··· SUPPLIED INFORMATION ···

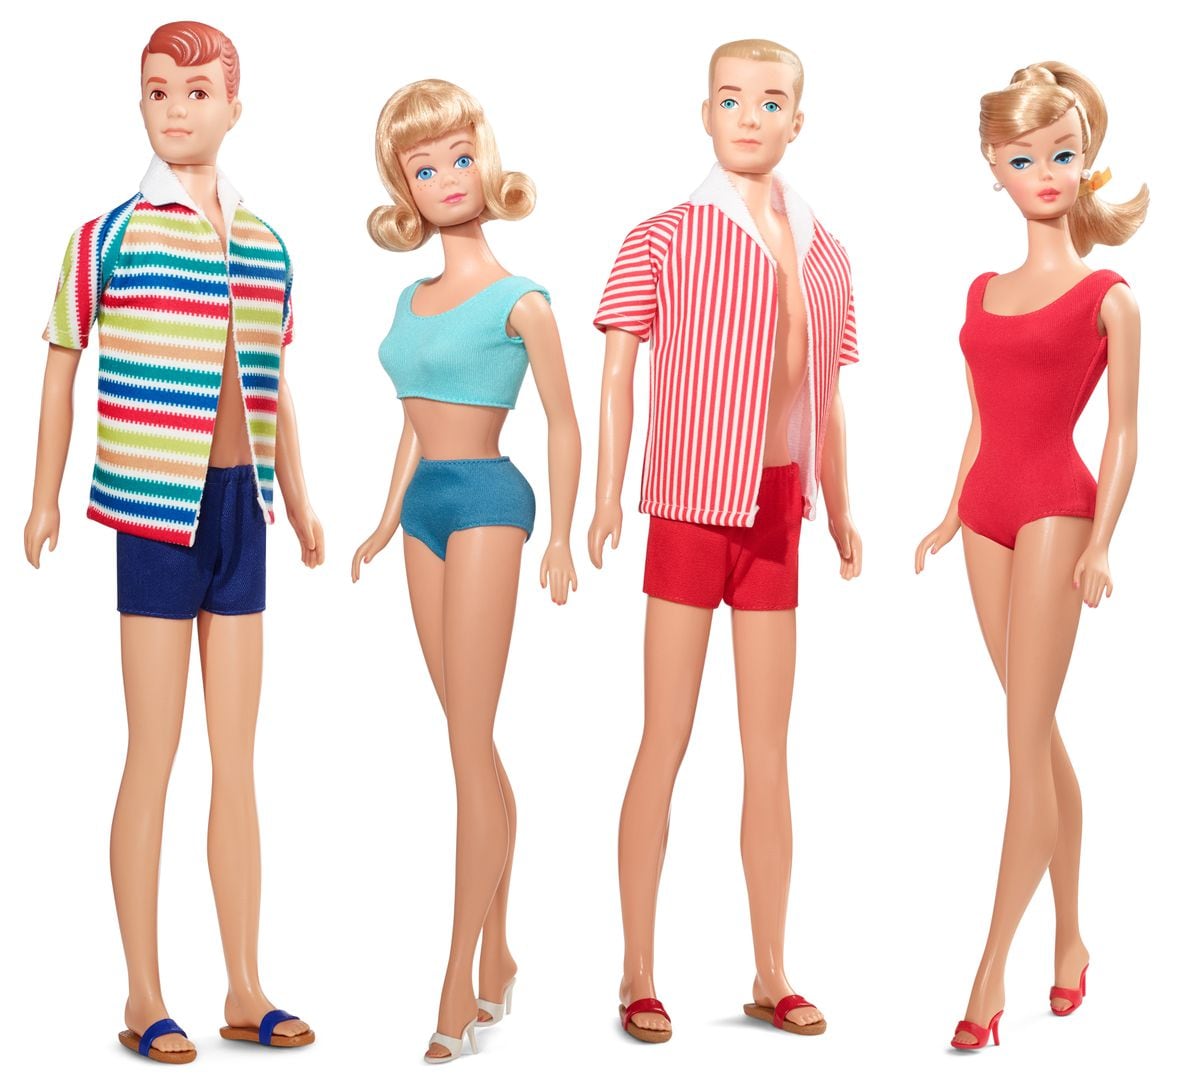 From A Doll Wanted By The Fbi To A Sugar Daddy Ken These Are The Discontinued Mattel Toys That
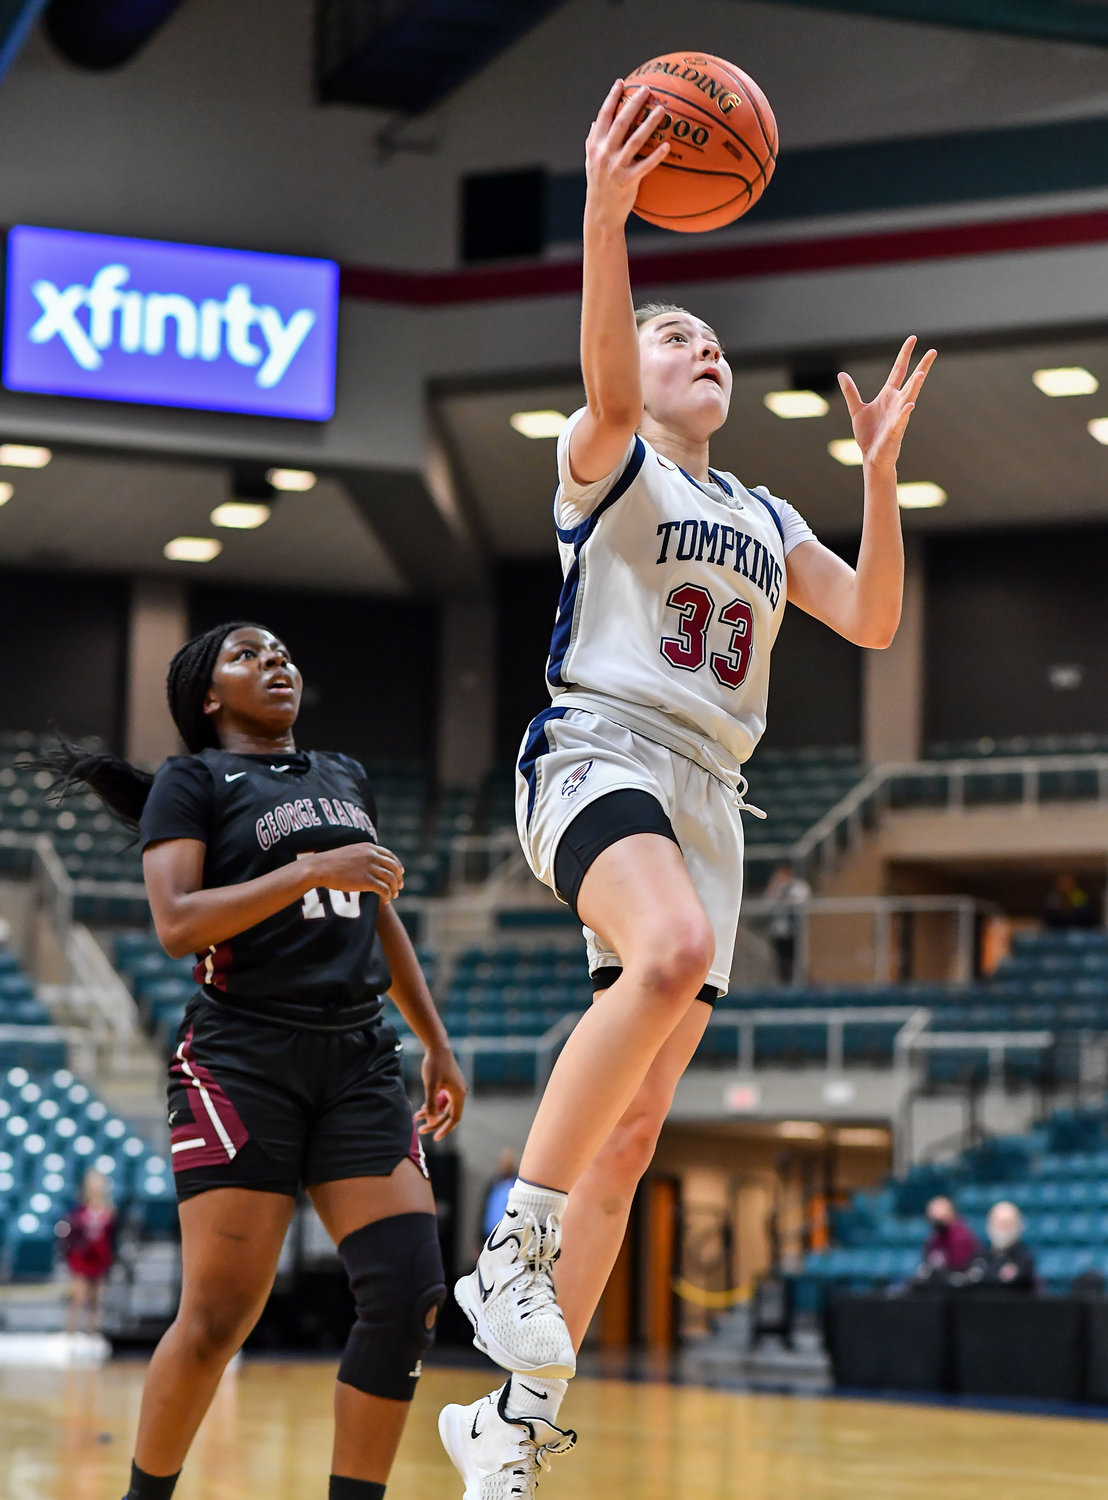 Katy Tx. Feb 15, 2022:  Tompkins Macy Spencer #33 drives to the basket during the Bi-District playoff, Tompkins vs George Ranch. (Photo by Mark Goodman / Katy Times)
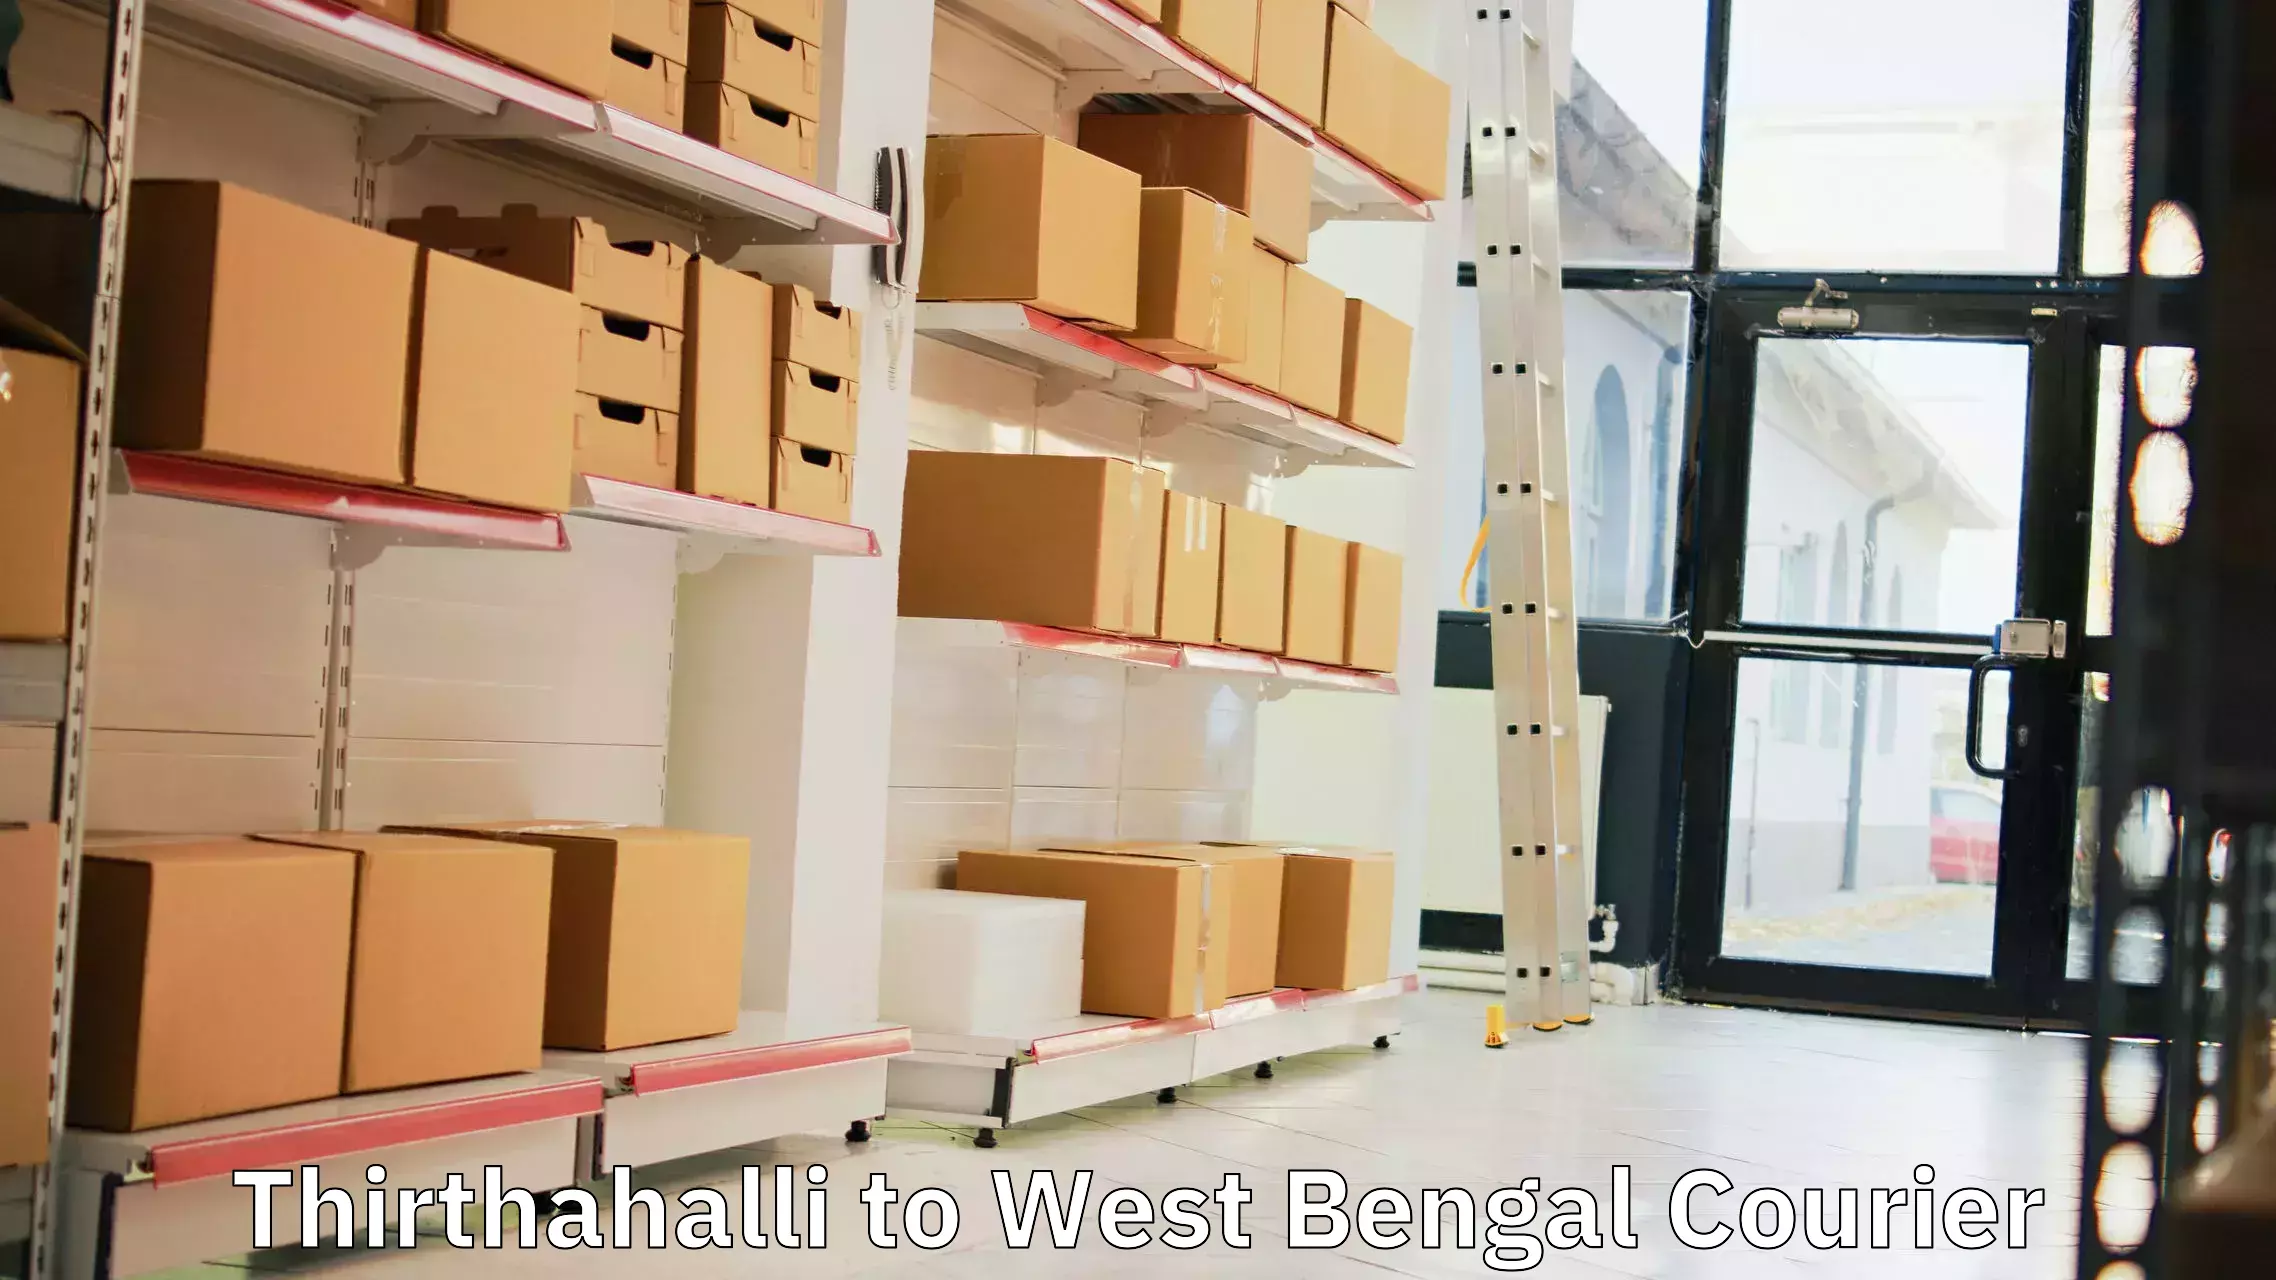 Premium courier services in Thirthahalli to West Bengal
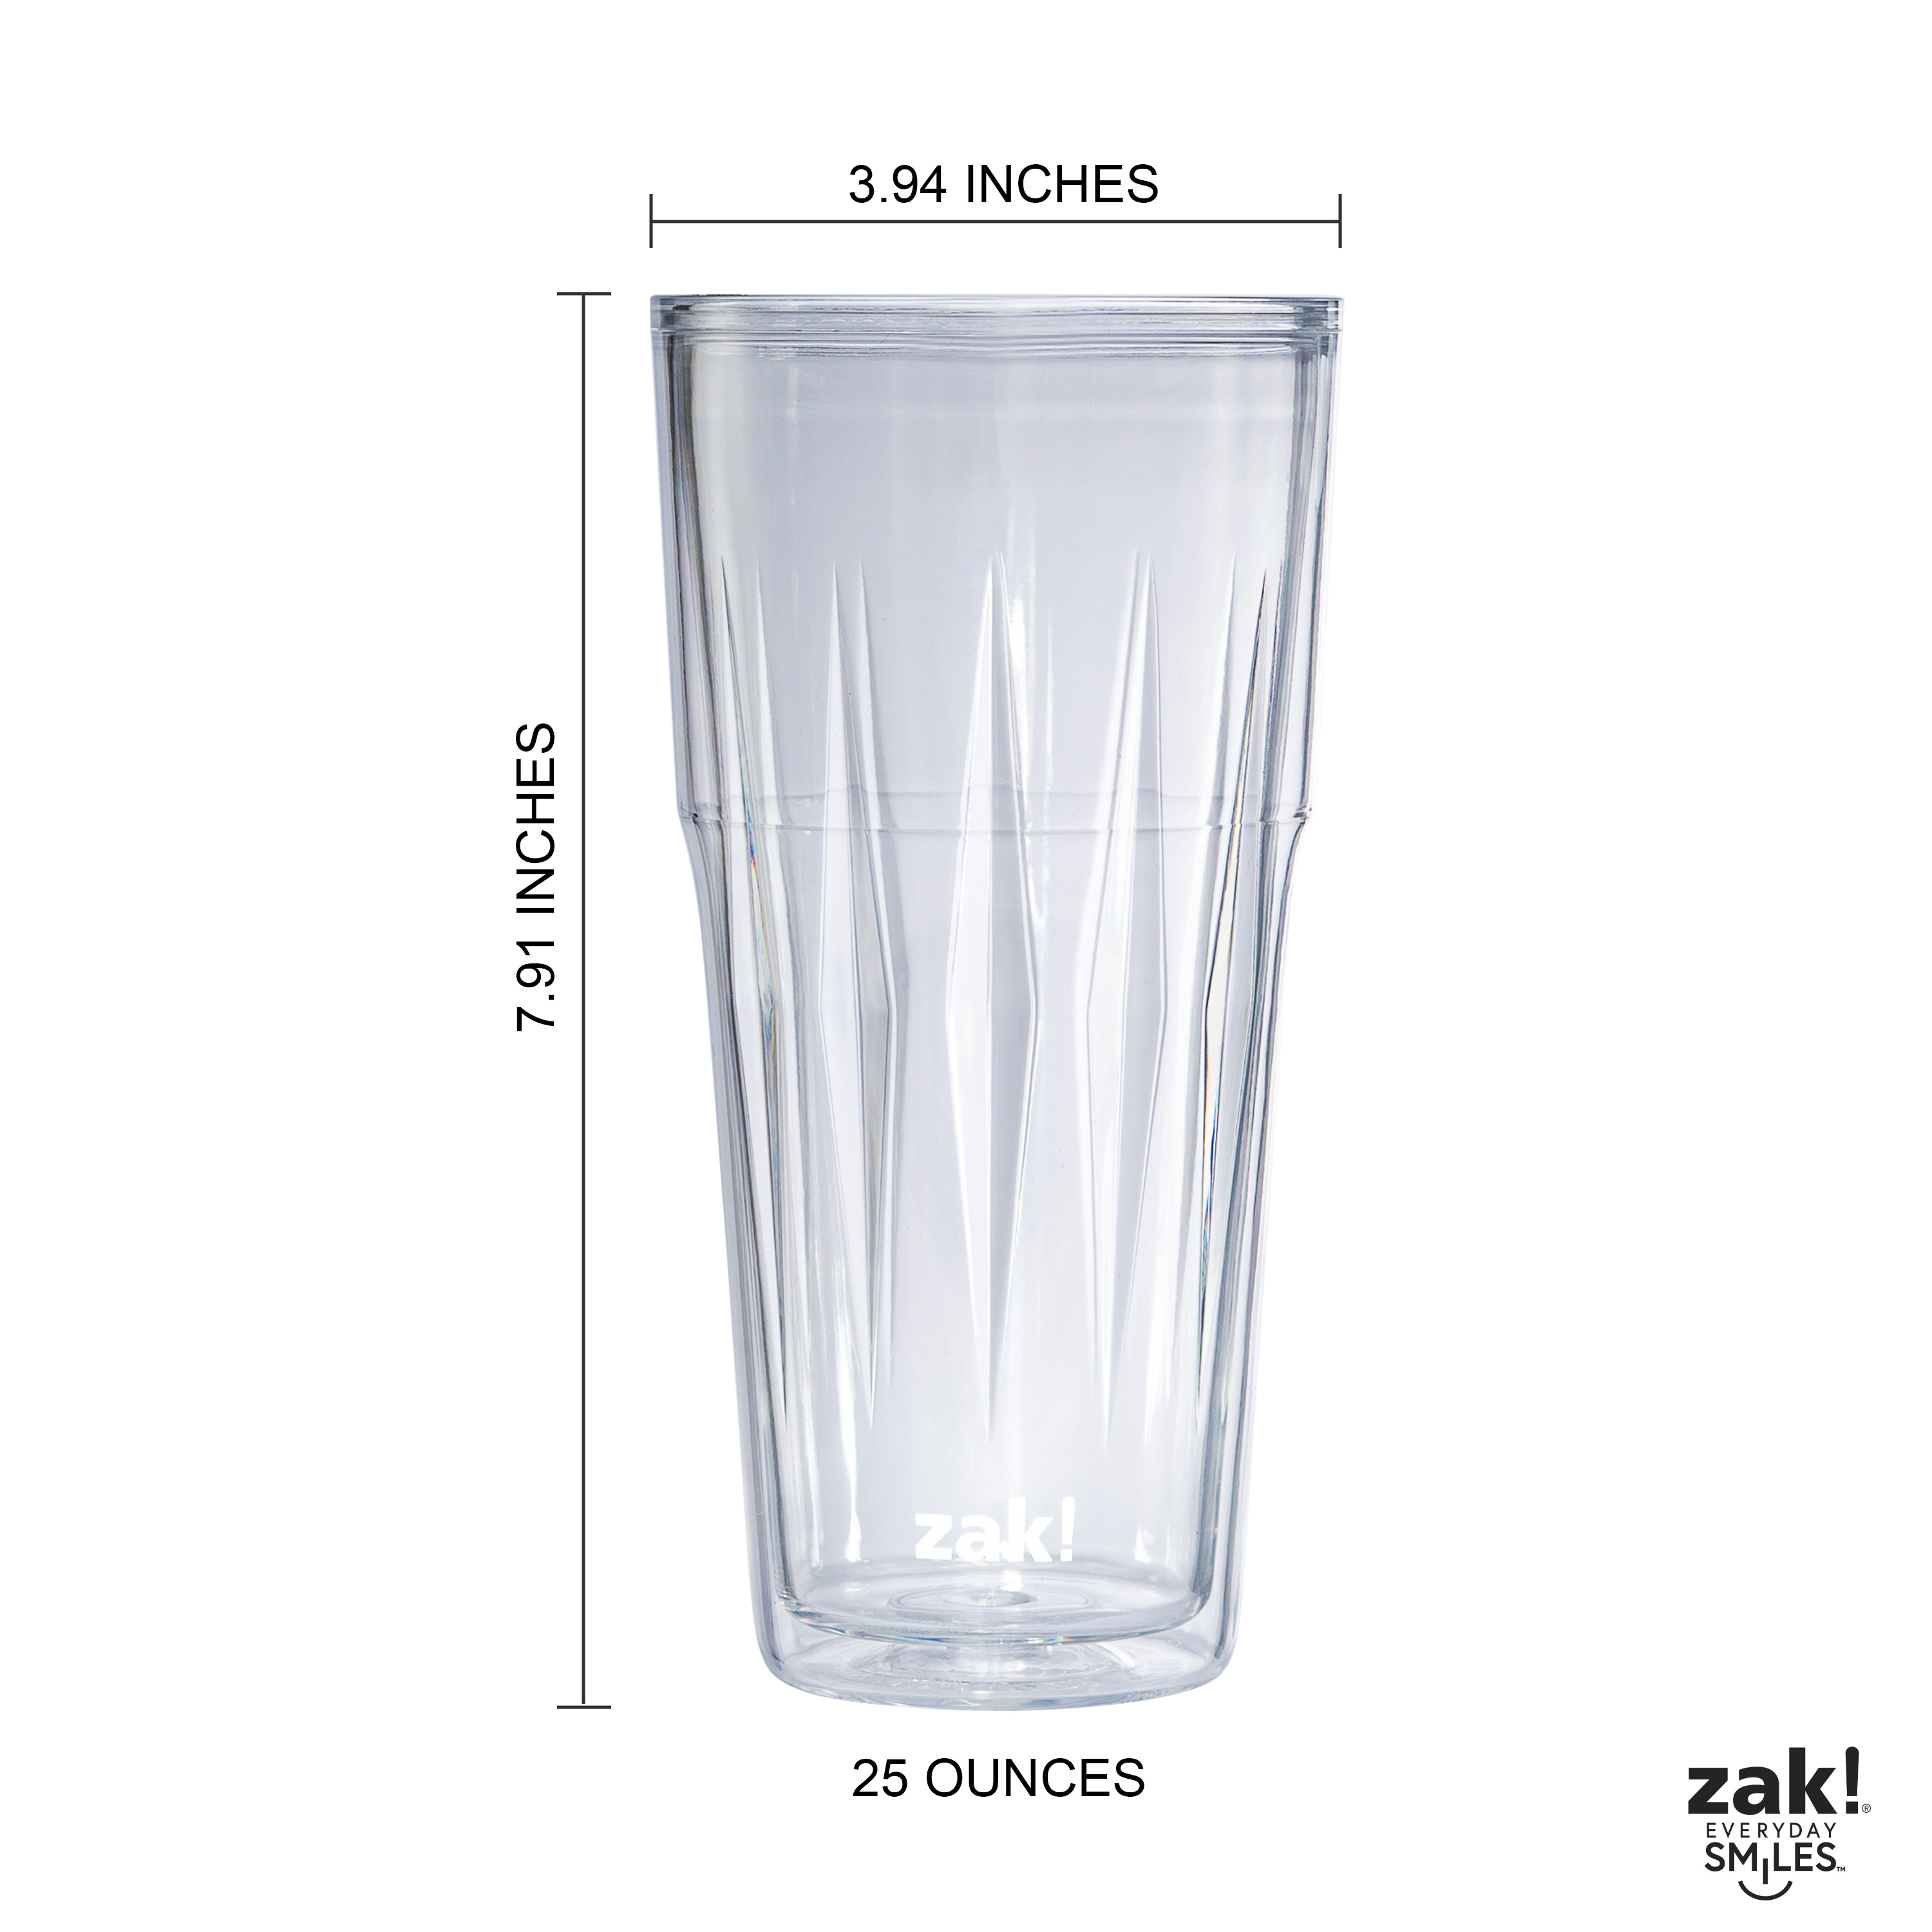 Zak Hydration 25 ounce Double-Wall Insulated Reusable Plastic Tumbler, Clear, 2-piece set slideshow image 16

···

EXERCISE DIRECTIONS: Drop the pictures and set down the data above exactly.

EXERCISE RESPONSE:
 From A Doll Wanted By The Fbi To A Sugar Daddy Ken These Are The Discontinued Mattel Toys That
 Katy Tx. Feb 15, 2022:  Tompkins Macy Spencer #33 drives to the basket during the Bi-District playoff, Tompkins vs George Ranch. (Photo by Mark Goodman / Katy Times)
 Premium courier services in Thirthahalli to West Bengal
 Zak Hydration 25 ounce Double-Wall Insulated Reusable Plastic Tumbler, Clear, 2-piece set slideshow image 16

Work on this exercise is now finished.